Legend has it that soldiers of the Polish-Habsburg army, while liberating Vienna from the second Turkish siege in 1683, found a number of sacks with strange beans that they initially thought were camel feed and wanted to burn. The Polish king Jan III Sobieski granted the sacks to one of his officers named Jerzy Franciszek Kulczycki, who, according to Catholic priest Gottfried Uhlich in 1783 in his History of the second Turkish Siege, was assumed to have started the first coffee house, the Hof zur Blauen Flasche.

According to the legend, after some experimentation, Kulczycki added some sugar and milk, and the Viennese coffee tradition was born. This achievement has been recognized in many modern Viennese coffeehouses by hanging a picture of Kulczycki in the window. Another account is that Kulczycki, having spent two years in Ottoman captivity, knew perfectly well what coffee really was and tricked his superiors into granting him the beans that were considered worthless.

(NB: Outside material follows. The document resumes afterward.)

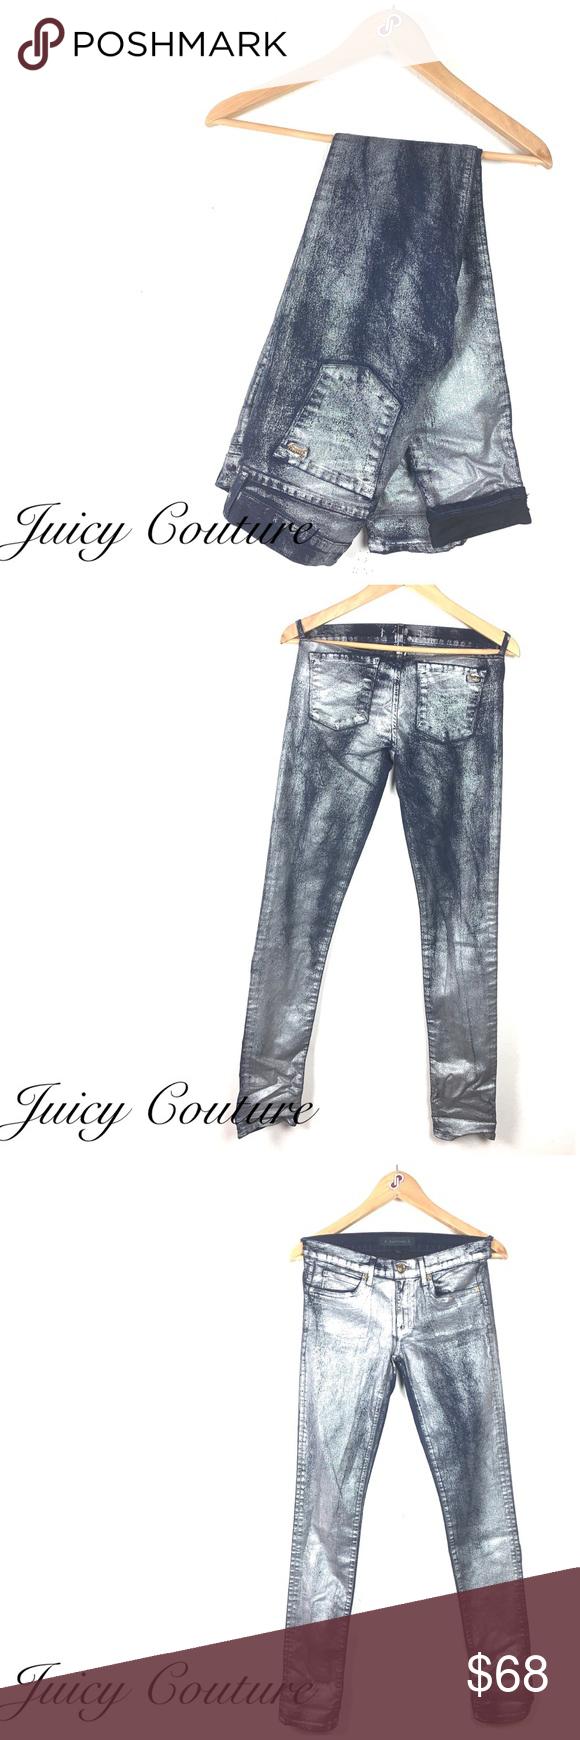 e9819fa3 Juicy Couture Silver Metallic Skinny Jeans Size 27 Juicy Couture Silver  Metallic Skinny Jeans Size 27

However, according to recent research, Vienna's first coffee house was actually opened by an Armenian businessman named Johannes Theodat (aka Johannes Diodato or Deodat and Owanes Astouatzatur) in 1685. 15 years later, four Greek-owned coffeehouses had the privilege to serve coffee.

The new drink was well received, and coffee houses began to pop up rapidly. In the early period, the various drinks had no names, and customers would select the mixtures from a colour-shaded chart.

===Golden Age===
In the 19th and early 20th century, leading writers of the time became attached to the atmosphere of Viennese cafés and were frequently seen to meet, exchange and to even write there. Literature composed in cafés is commonly referred to as coffee house literature, the writers thereof as coffee house poets.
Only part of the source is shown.